Prokudin-Gorsky’s original negatives do not have identical cropping between the three channels. That is, a feature visible near the edge of one channel might be absent from the other two. To avoid the matching issues that come from this, we simply trim a 10% border off of each side of the template and the base before matching. See "Bells and Whistles" below for another fix for this.

In step 3, we simply apply the translations found in step 2 to each channel, and then set each channel to the corresponding red, green, and blue channels of a PNG image.

Results

cathedral emir harvesters lady melons monastery onion_church self_portrait three_generations tobolsk train village workshop

The offsets listed below are translations that should be applied to the entire image. That is, for each channel, translate the entire image (uncropped) by the given (x, y) amount before combining to form a single 3-channel image.

Offsets for: data/cathedral.jpg
Red: (14, 7)
Green: (13, 341)
Blue: (11, 677)

Offsets for: data/emir.tif
Red: (206, 71)
Green: (189, 3223)
Blue: (165, 6383)

Offsets for: data/harvesters.tif
Red: (134, 134)
Green: (137, 3287)
Blue: (121, 6445)

Offsets for: data/icon.tif
Red: (206, 168)
Green: (201, 3364)
Blue: (184, 6567)

Offsets for: data/lady.tif
Red: (168, 83)
Green: (165, 3232)
Blue: (157, 6388)

Offsets for: data/melons.tif
Red: (182, 215)
Green: (179, 3360)
Blue: (169, 6518)

Offsets for: data/monastery.jpg
Red: (18, 10)
Green: (17, 345)
Blue: (15, 689)

Offsets for: data/onion_church.tif
Red: (171, 127)
Green: (161, 3285)
Blue: (135, 6449)

Offsets for: data/self_portrait.tif
Red: (299, 140)
Green: (291, 3293)
Blue: (262, 6465)

Offsets for: data/three_generations.tif
Red: (122, 152)
Green: (124, 3303)
Blue: (111, 6459)

Offsets for: data/tobolsk.jpg
Red: (18, 3)
Green: (17, 340)
Blue: (14, 678)

Offsets for: data/train.tif
Red: (191, 122)
Green: (164, 3317)
Blue: (158, 6512)

Offsets for: data/village.tif
Red: (219, 110)
Green: (209, 3307)
Blue: (197, 6512)

Offsets for: data/workshop.tif
Red: (150, 152)
Green: (161, 3309)
Blue: (161, 6465)

I was not sure what the precise meaning of "offset" was in the spec, so in case these offset values are needed to be put into colorize_skel.py, you can input them into the skeleton like so: (emir.tif used for example)


# name of the input file
imname = 'data/emir.tif'

# read in the image
im = skio.imread(imname)  
im = sk.img_as_float(im)
height = np.floor(im.shape[0] / 3.0).astype(np.int)
b = im[:height]
g = im[height: 2*height]
r = im[2*height: 3*height]

# INSERT OFFSETS HERE
red_off = [206, 71]
green_off = [189, 3223]
blue_off = [165, 6383]

ag = np.roll(g, green_off[0] - blue_off[0], axis=1)
ar = np.roll(r, red_off[0] - blue_off[0], axis=1)
ag = np.roll(ag, green_off[1] - blue_off[1], axis=0)
ar = np.roll(ar, red_off[1] - blue_off[1], axis=0)

# create a color image
im_out = np.dstack([ar, ag, b])

Custom images

Links to the above source material:

The custom .tif files are also available alongside the source code uploaded to bCourses.

Bells and Whistles

Sobel Filtering

Instead of cropping out the edges of the frame to avoid mis-matches, we can instead pre-filter the images with an edge detection algorithm.
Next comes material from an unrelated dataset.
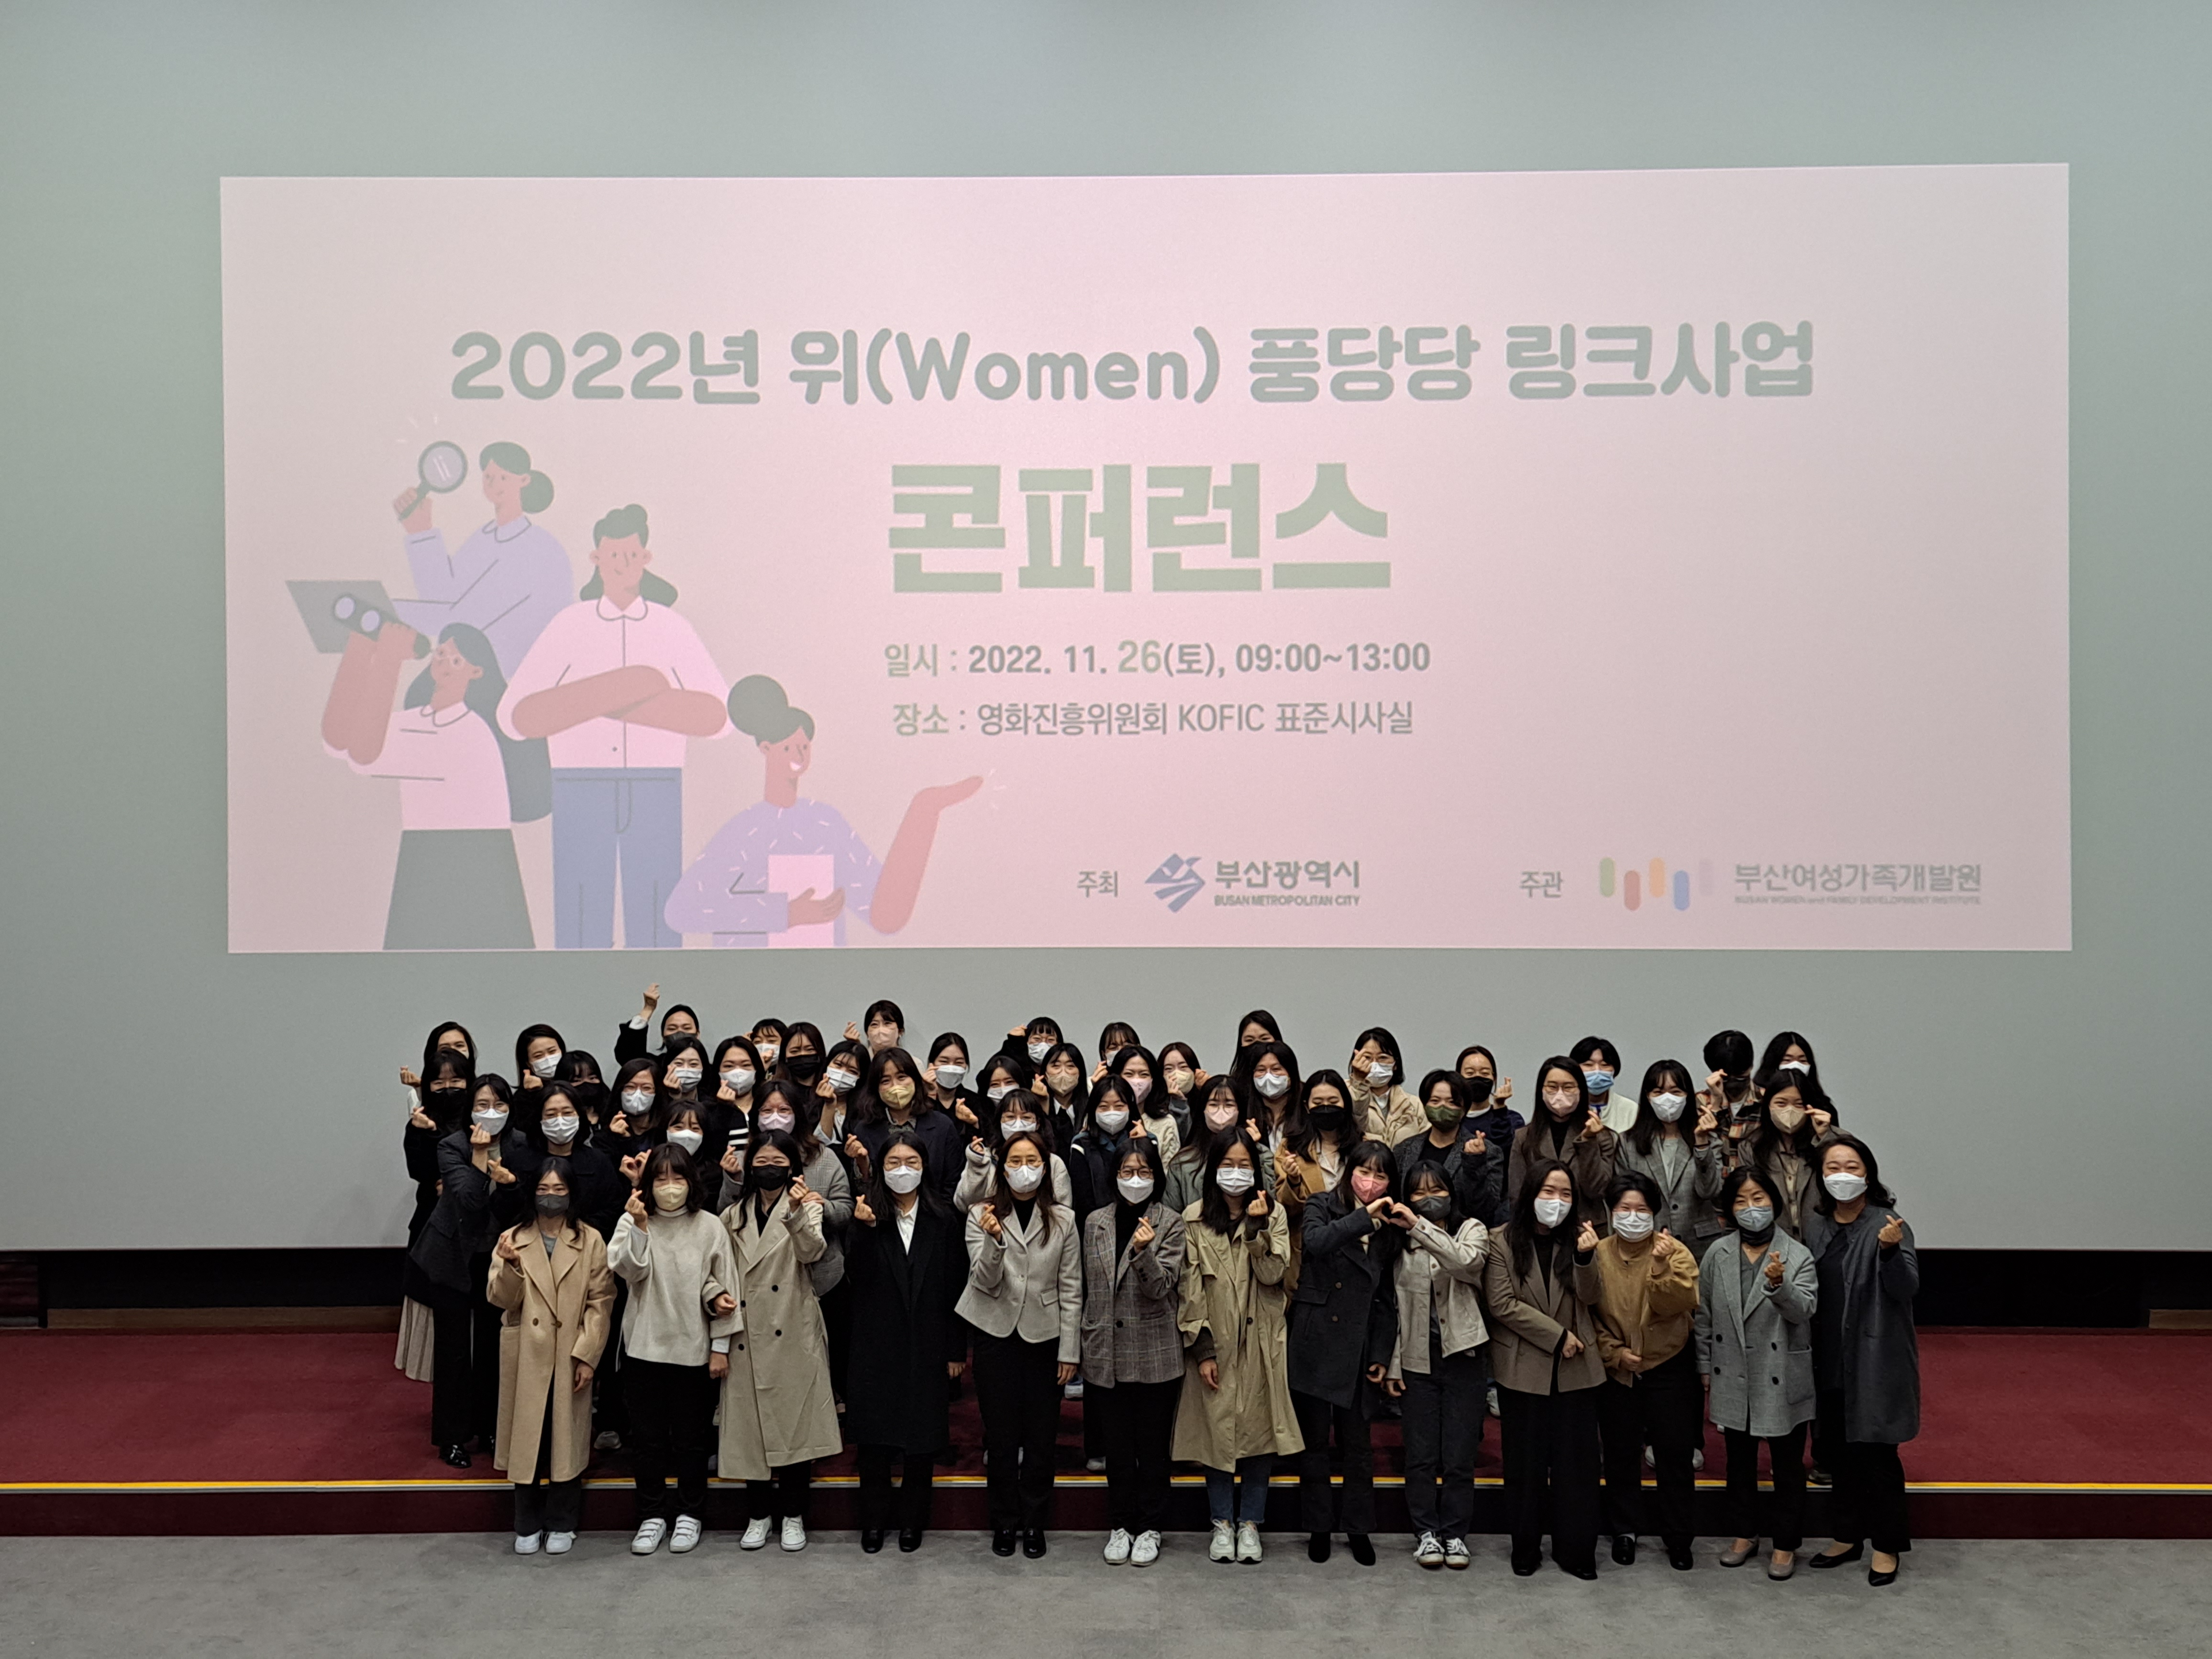 <2022년 위(Women)풍당당 링크사업 콘퍼런스> 개최

In this case, we used the sobel filter built-in to skimage.filters. This technique helps to reduce contrast differences between the different channels. For example, Emir's dress appears quite different in each the channels, since his dress is very saturated. By reducing contrast differences, we make the "correct" matching location have a much higher correlation. This reduces the chance that another, lesser local maximum would confuse the image pyramid search.

Here we see the result of applying the filter to the 3 different channels.

The original 3 channels:

With sobel applied (contrast enhanced for easier viewing):

Matching with sobel (left) versus matching without removing 10% margin (right):

As we can see, sobel filtering can also be used to avoid mis-matches due to bad cropping.